Orleans Parish Prison is, in fact, one of the country’s largest jails,
although New Orleans was far from one of the country’s largest cities
before the storm. At any given time, there would be 7,500 to 8,000
prisoners being held at Orleans Parish Prison.Now, some of these prisoners were in fact serving misdemeanor
sentences, and others were picked up for parole violations, but the
vast, vast majority of the prisoners being held at Orleans Parish
Prison were pretrial detainees. They had only been charged. They had
not been tried and convicted.
As far as I can tell, the only mainstream news source that has picked up this story is the Cleveland Plain Dealer, which focuses more on the “struggle…to keep destructive and desperate inmates at bay” than on the humanitarian issues:
Deputies said they repeatedly calmed inmates by telling them that food, water and rescue were on the way, but the message began wearing thin. In the Community Correctional Center, two commanders and a deputy said, inmates breached several layers of security, smashing visitor center security windows and breaking through stairwell doors.
The worst damage was done by inmates who broke off metal shower rods and dayroom benches, then used them as battering rams, they said.
“They knocked out some cinder blocks and breached some visitation booths,” the deputy said. “It was like the movie ‘Attica.’ “
The deputies said that until the cavalry showed up on Day Three in the form of SWAT teams from the state Department of Corrections, they were forced to scare inmates back into cells by brandishing their pistols and occasionally firing off beanbags.
“There were some inmates who acted out, but I’d say 99 percent acted responsibly,” Short said.
Acting responsibly apparently means laying down and quietly dying, not trying to get the hell out of there, or help others survive.

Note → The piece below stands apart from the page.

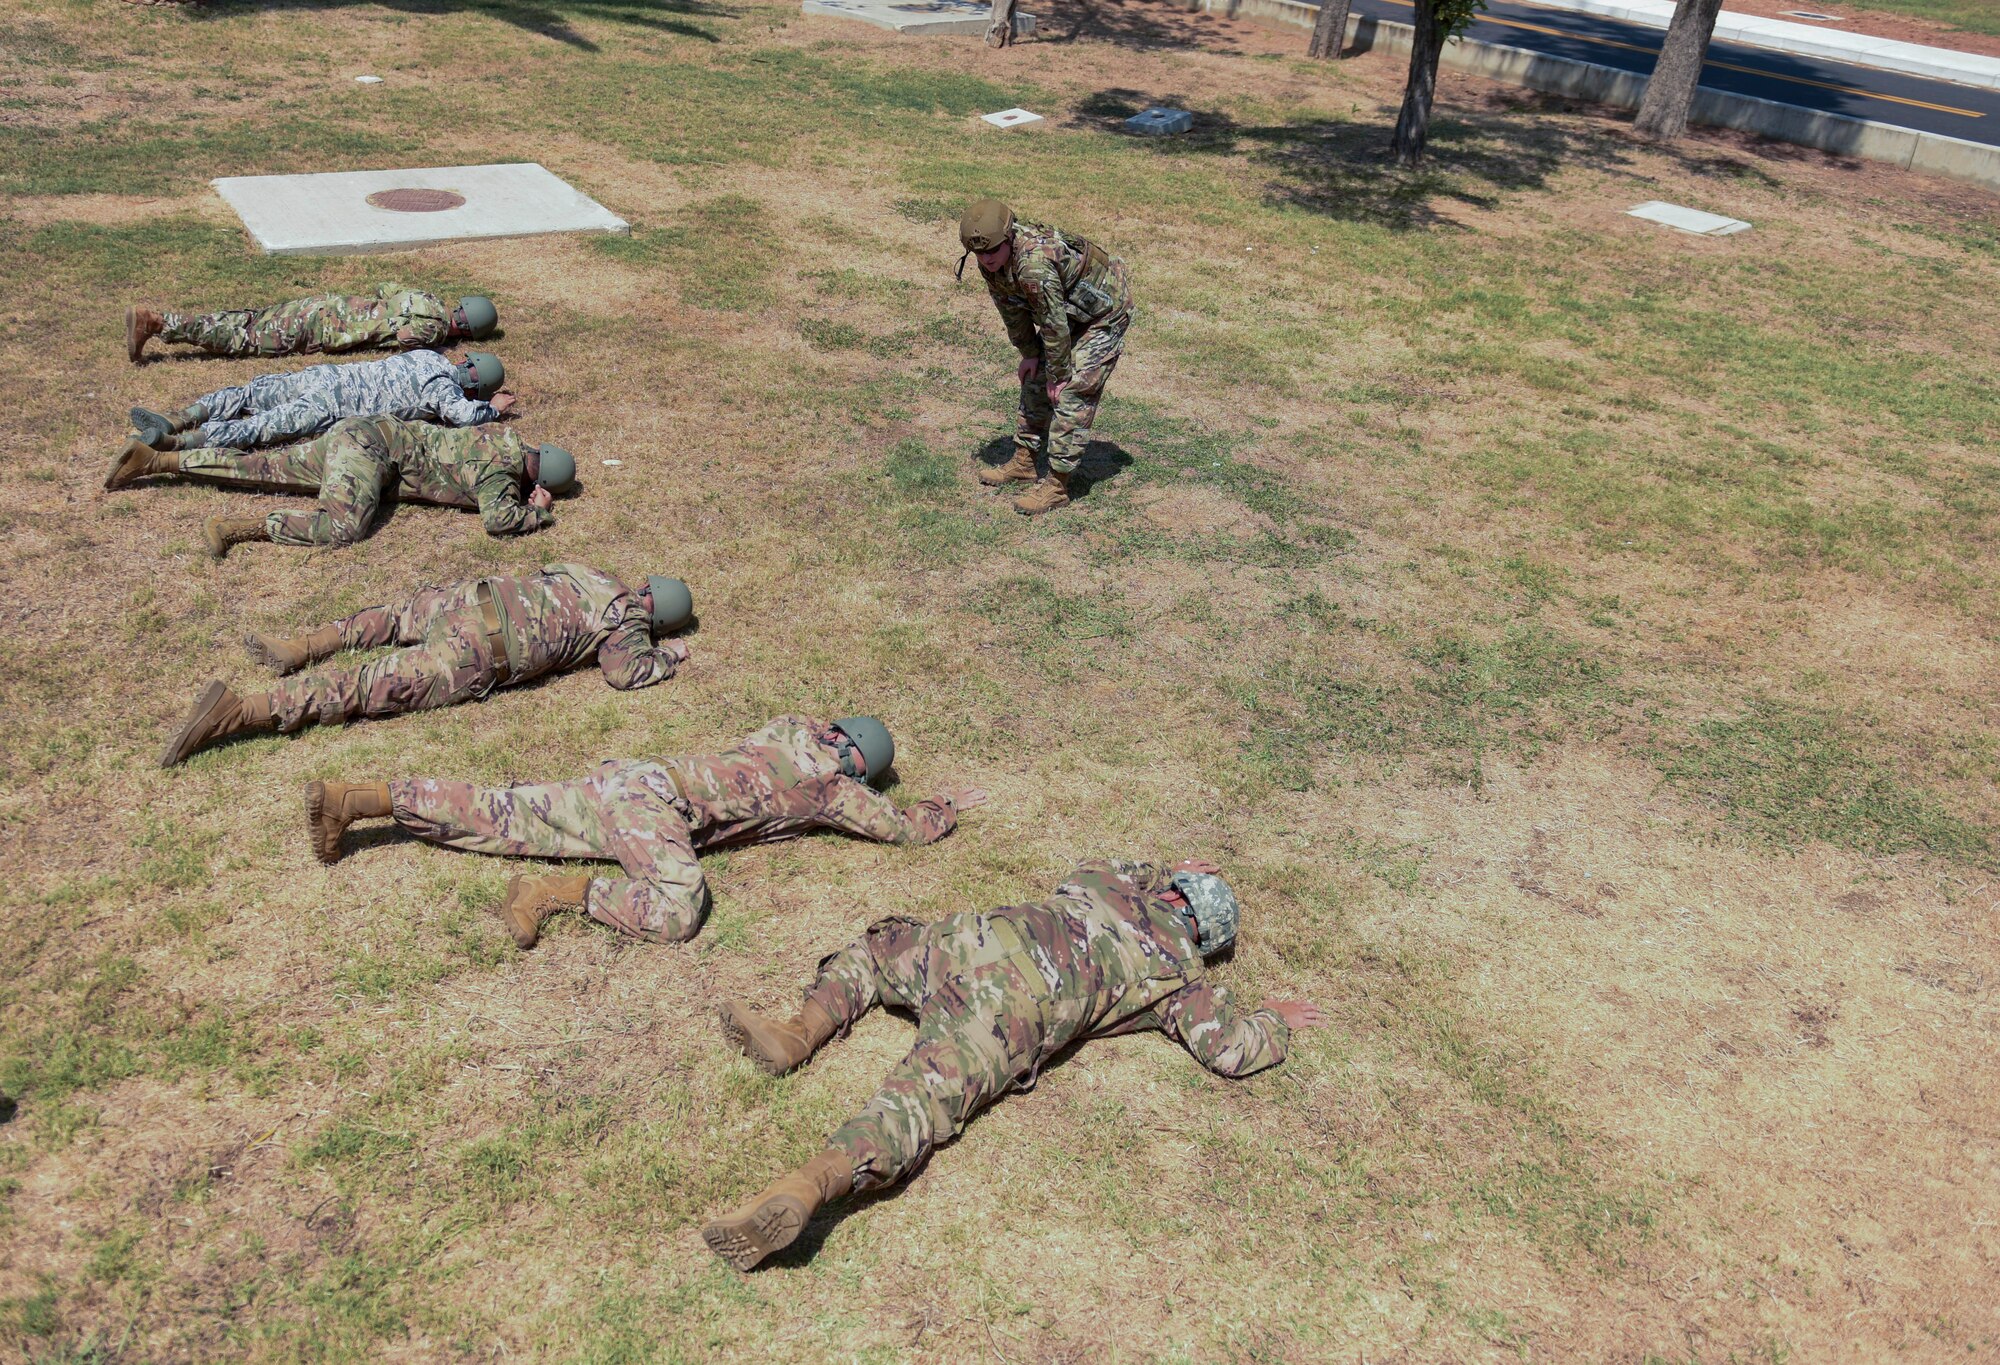 Airmen laying in prone position outside

The P-D also reports the official story: No inmates died. That may turn out to be true. I certainly hope so. But if 517 people are unaccounted for, as Human Rights Watches says, somebody needs to do some explaining.

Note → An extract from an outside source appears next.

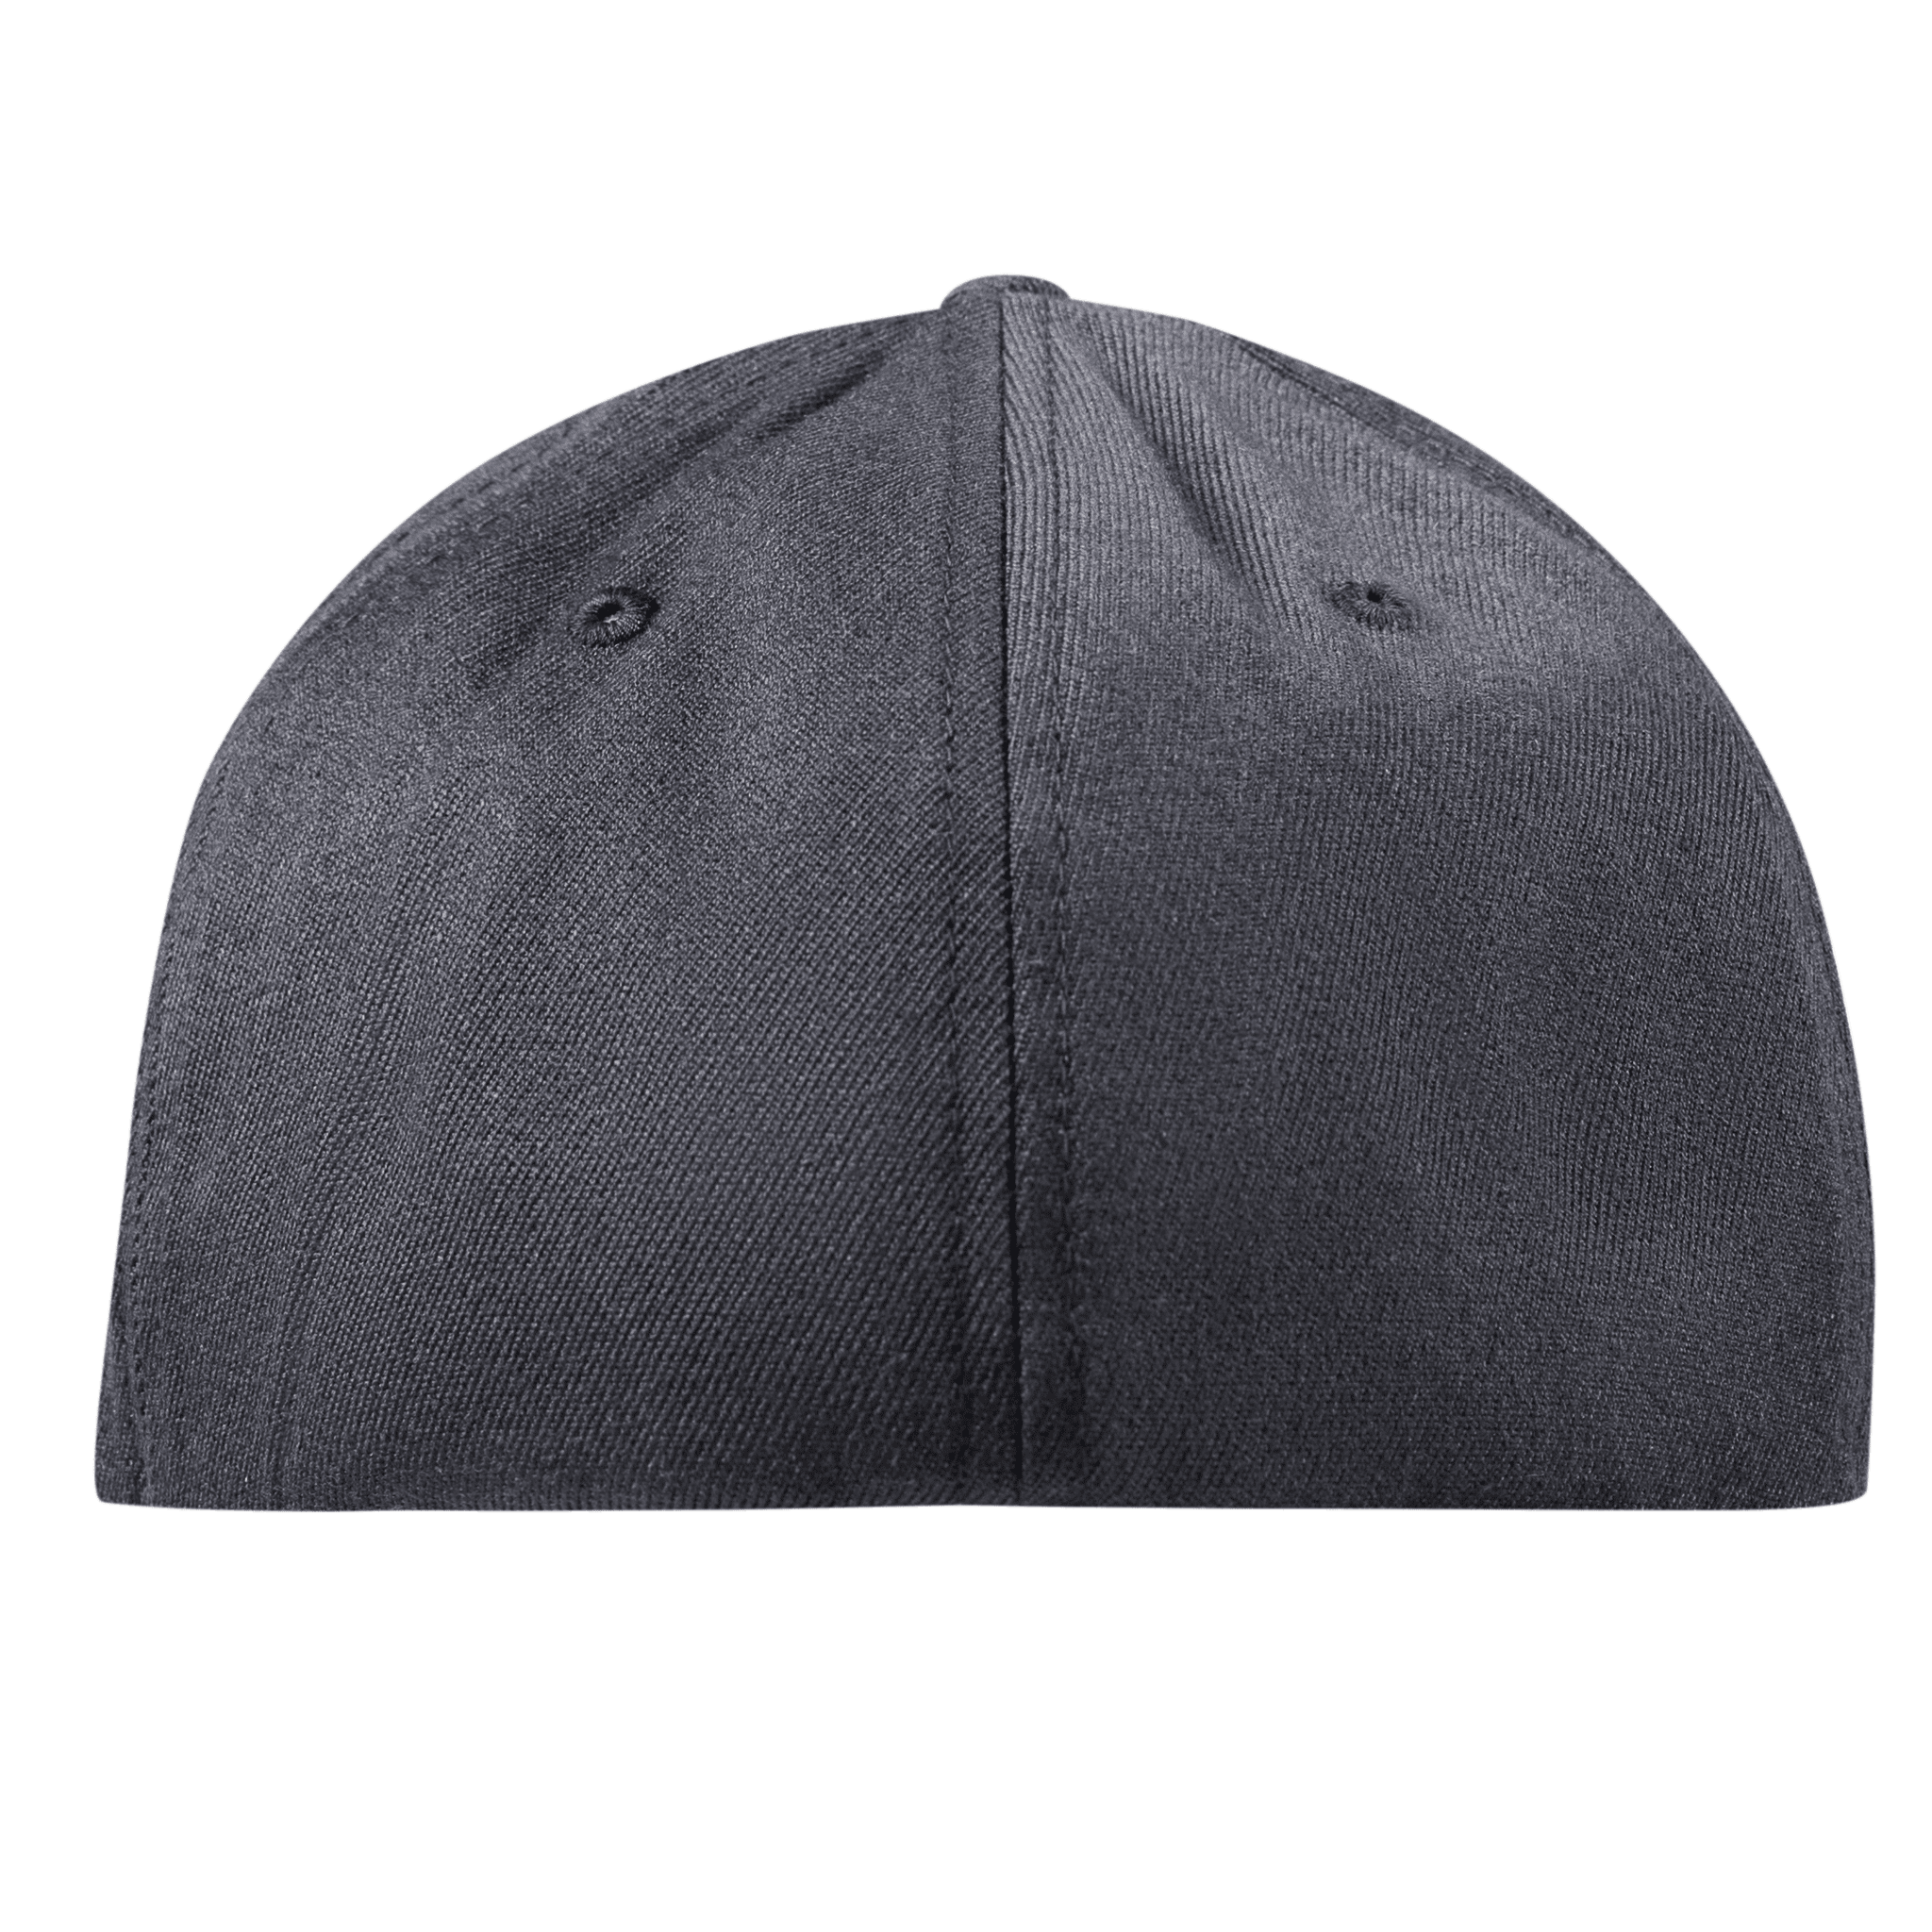 Oregon 33 Midnight Flexfit Fitted Back Charcoal

In addition, way back on September 5, Newsday carried a human interest story on a corrections officer’s “harrowing escape” from the flood. The fate of the prisoners is not the main focus of the article, but it contains some interesting information nonetheless:
As Katrina raged Monday outside the prison on Perdido Street, water
began seeping into the building where Barnes worked. Toilets began to
back up. By Tuesday, the water inside was about 3 feet high and about
320 inmates had to be moved to the second floor, she said.As water rose 5 feet high that evening, the situation became
desperate, she said. About 40 civilians, including family members of
prison workers, had also taken refuge at the jail. Word spread among
the inmates that the Ninth Ward neighborhood of New Orleans, where many
had family, was underwater. Unfed for days, the inmates began to riot
inside their cellblocks, Barnes said.“We had no phone lines, no electricity,” she said. “There was raw
gas in the water … If it wasn’t for the deputies, a lot of people
would have died.”She believes many drowned anyway, including inmates housed on the
first floor of the Templeman 3 building, where Barnes said that in the
chaos, some inmates may have remained locked inside.“We evacuated everybody who was at the jail as far as we know once
we got there,” said Pam Laborde, a spokeswoman for the Louisiana
Department of Corrections, which helped evacuate the prison. Laborde
said she could not confirm what may have happened before rescuers from
her agency arrived.
Too many contradictory stories here.
It’s been a week since Human Rights Watch issued the results of its investigation, and if reporters had been talking to people in New Orleans long before that they would have heard rumors worth following up. It’s really outrageous that no major paper has investigated this story.
UPDATE: I see (via Ben Greenberg, who has much more information on the story) that in fact the New York Times had an editorial on the subject today. Calling for an investigation is good. Sending some talented reporters out to investigate would be better.